Copy down the listing below exactly. Do not include pictures.

++++ Material provided ++++

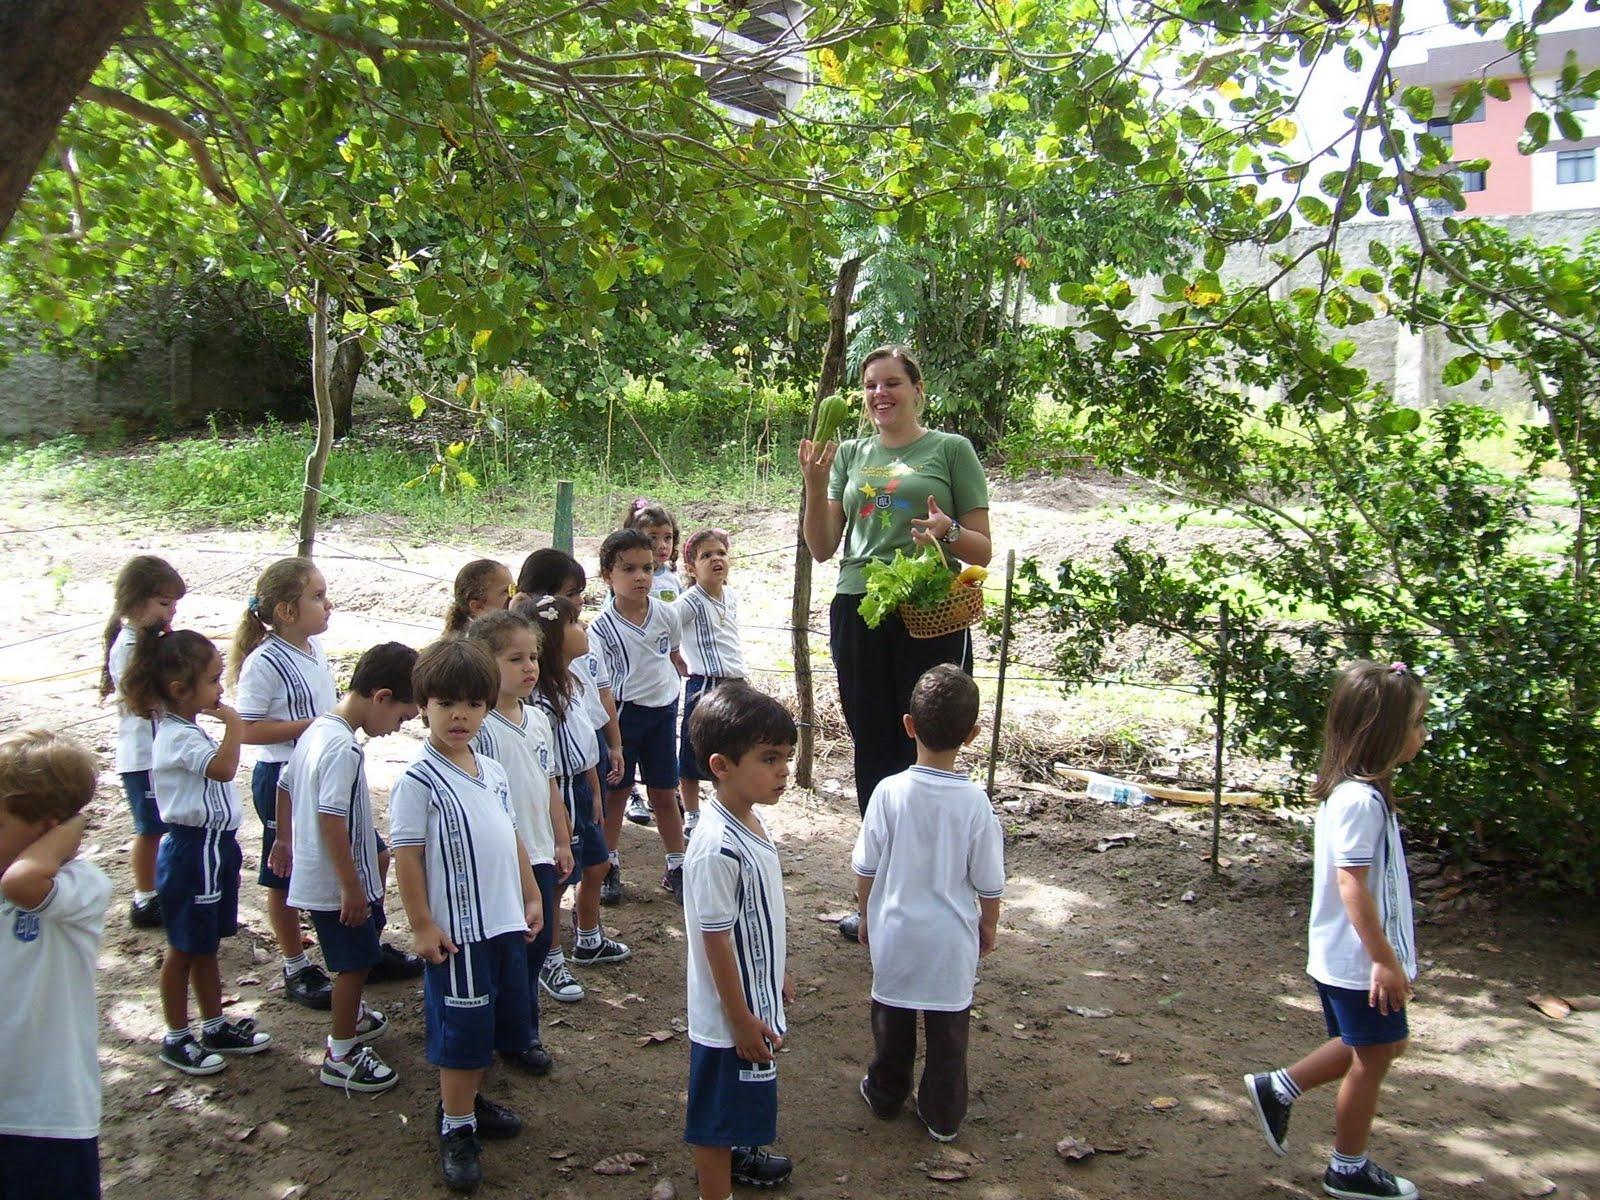 horta jardim e pomar:Blog da Turminha EVL: Horta, Pomar e Jardim – Lego
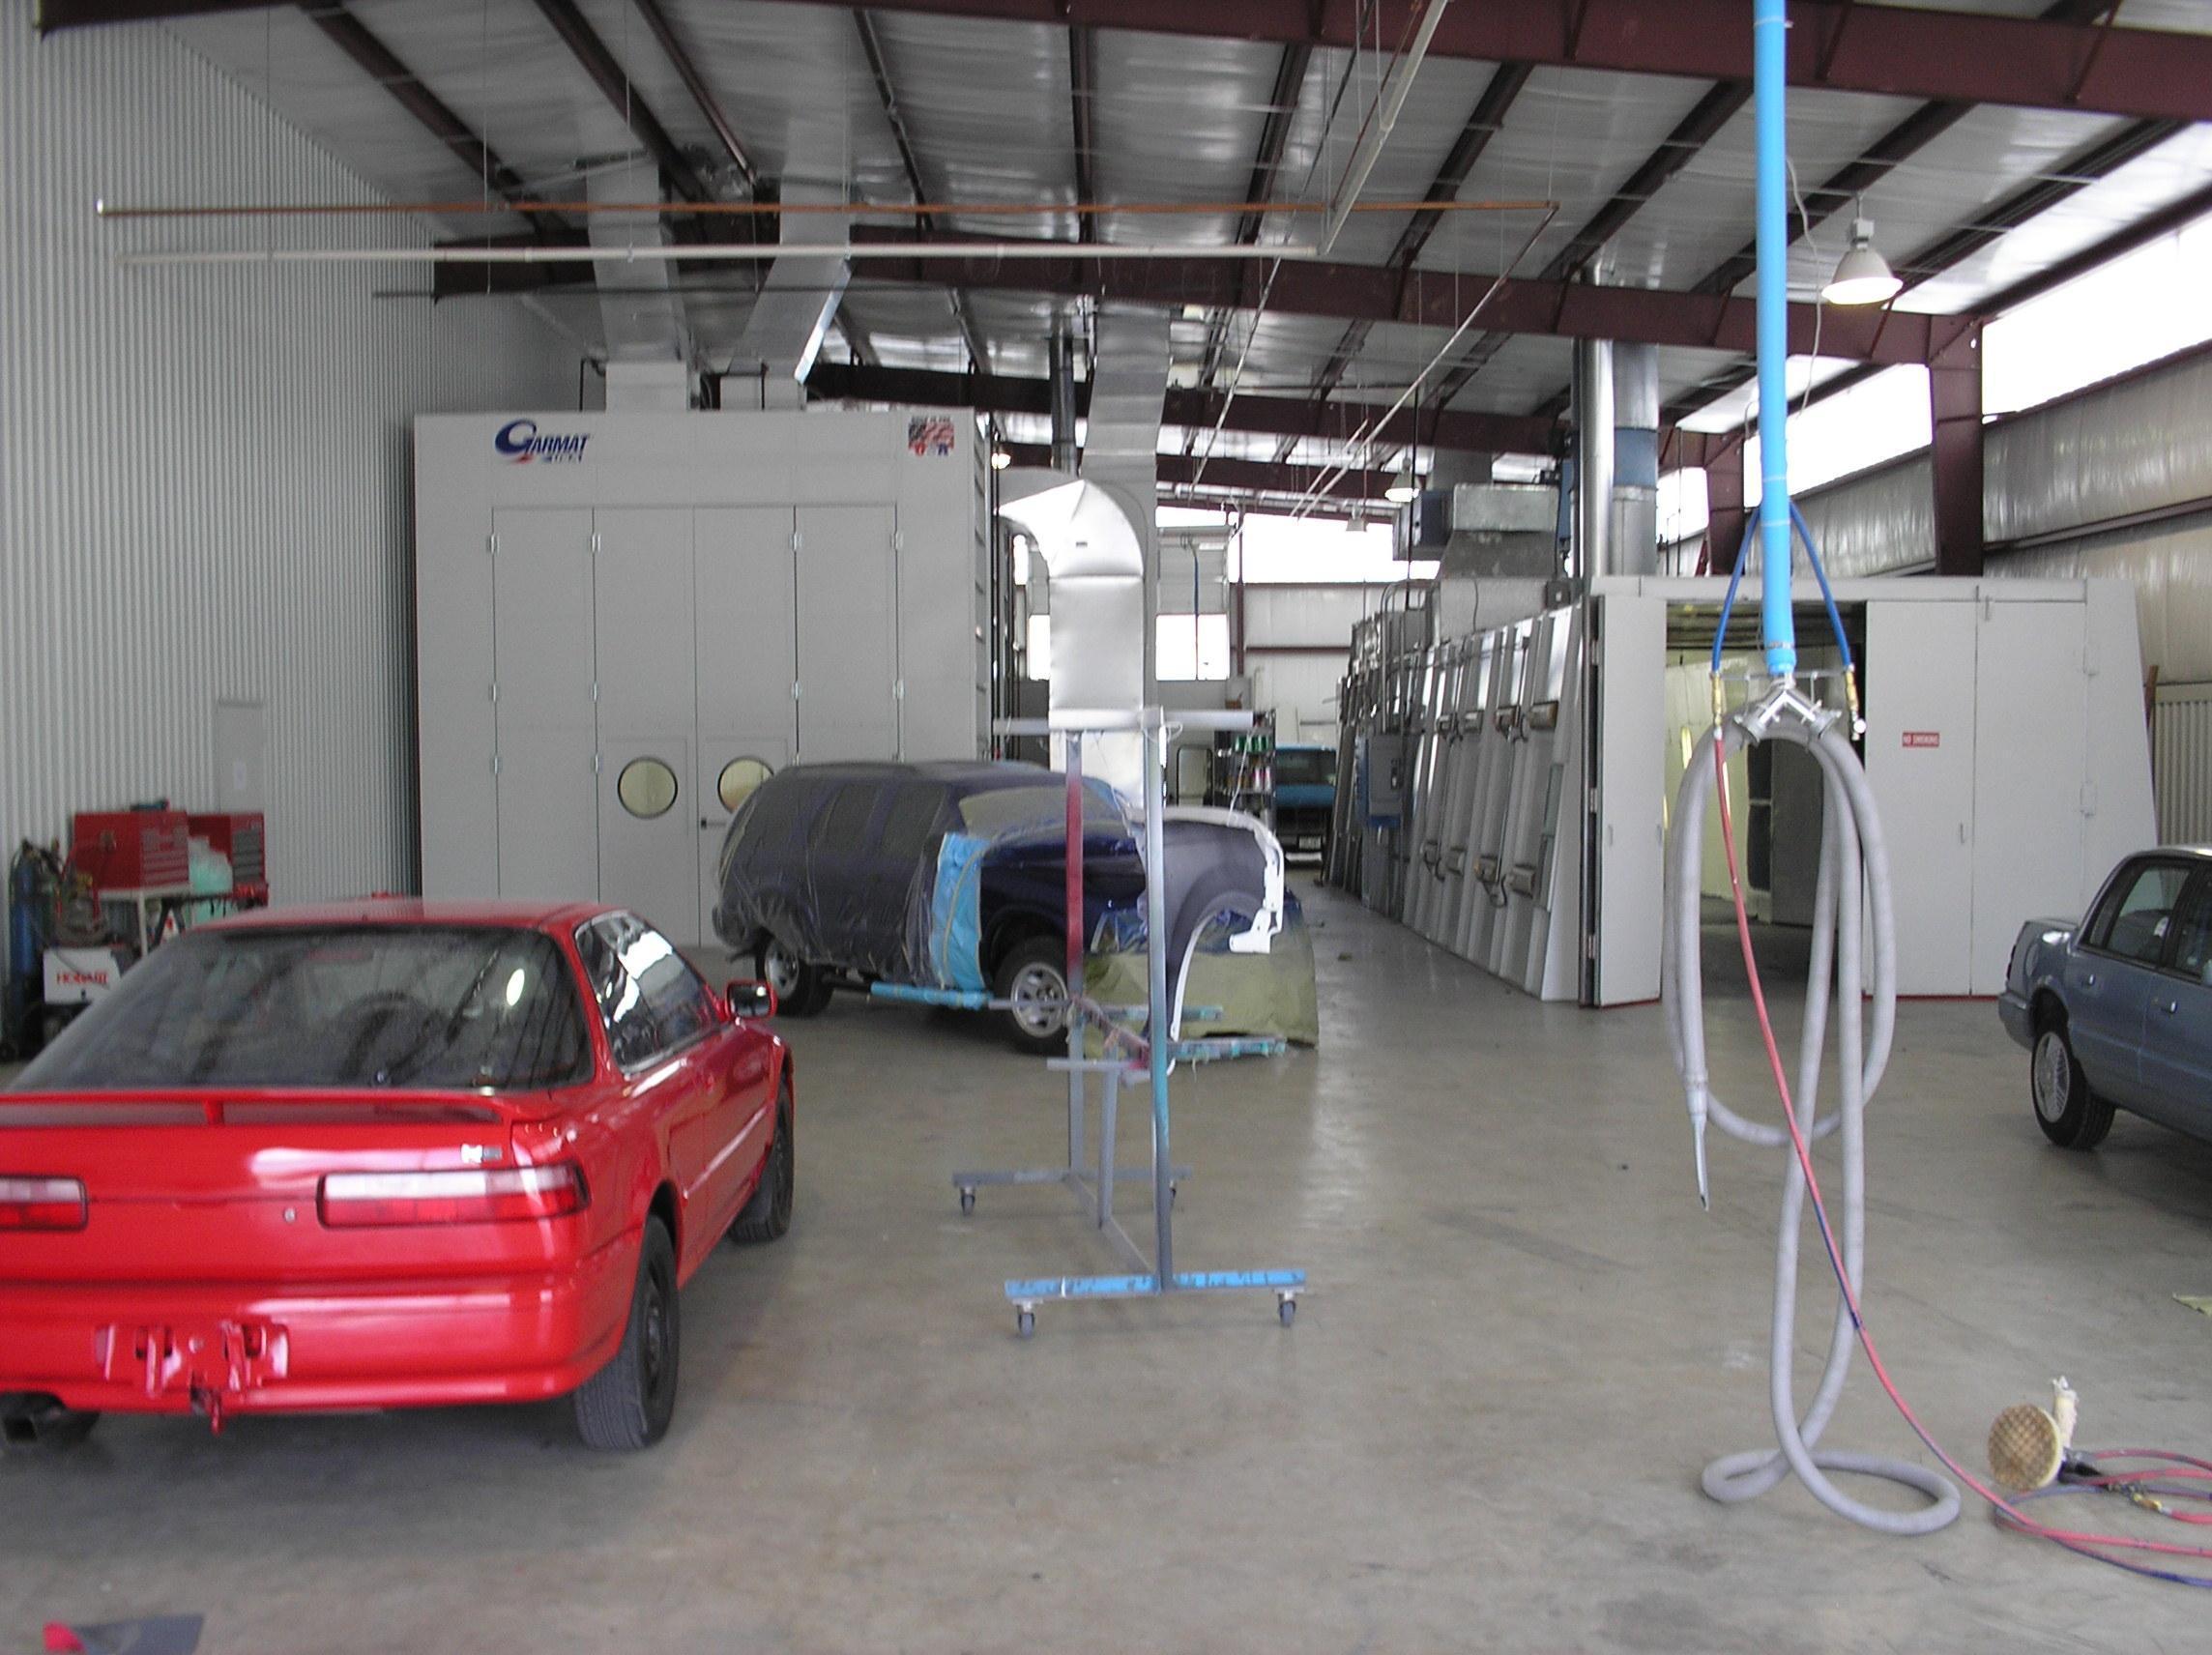 Maaco Collision Repair & Auto Painting In Houston, TX
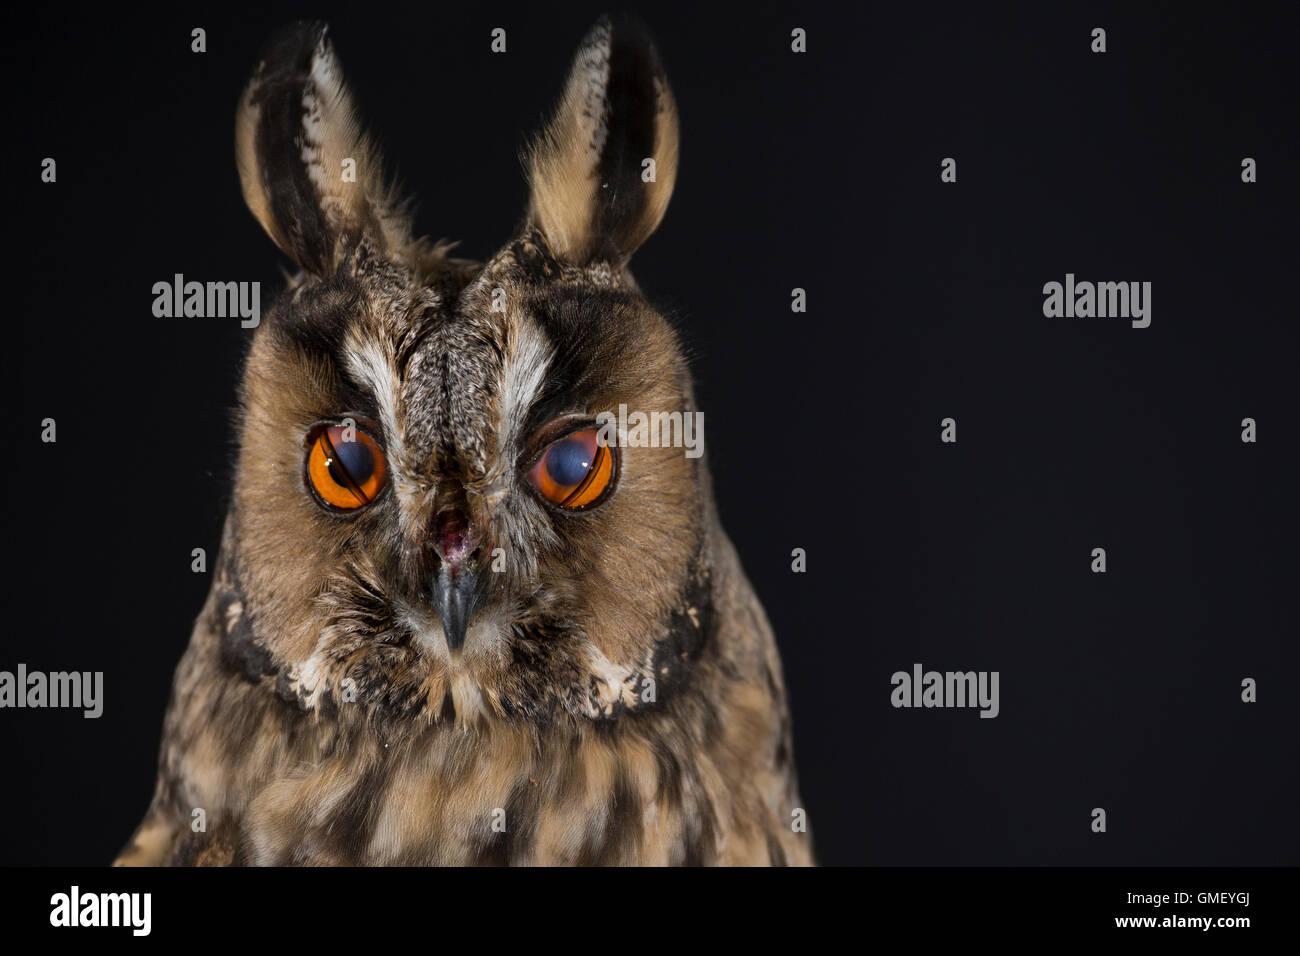 Waldohreule, Nickhaut am Auge, Waldohr-Eule, Asio otus, long-eared owl, Le Hibou moyen-duc - Stock Image

++++

■ **Expected answer**:
 horta jardim e pomar:Blog da Turminha EVL: Horta, Pomar e Jardim – Lego
 Maaco Collision Repair & Auto Painting In Houston, TX
 Waldohreule, Nickhaut am Auge, Waldohr-Eule, Asio otus, long-eared owl, Le Hibou moyen-duc - Stock Image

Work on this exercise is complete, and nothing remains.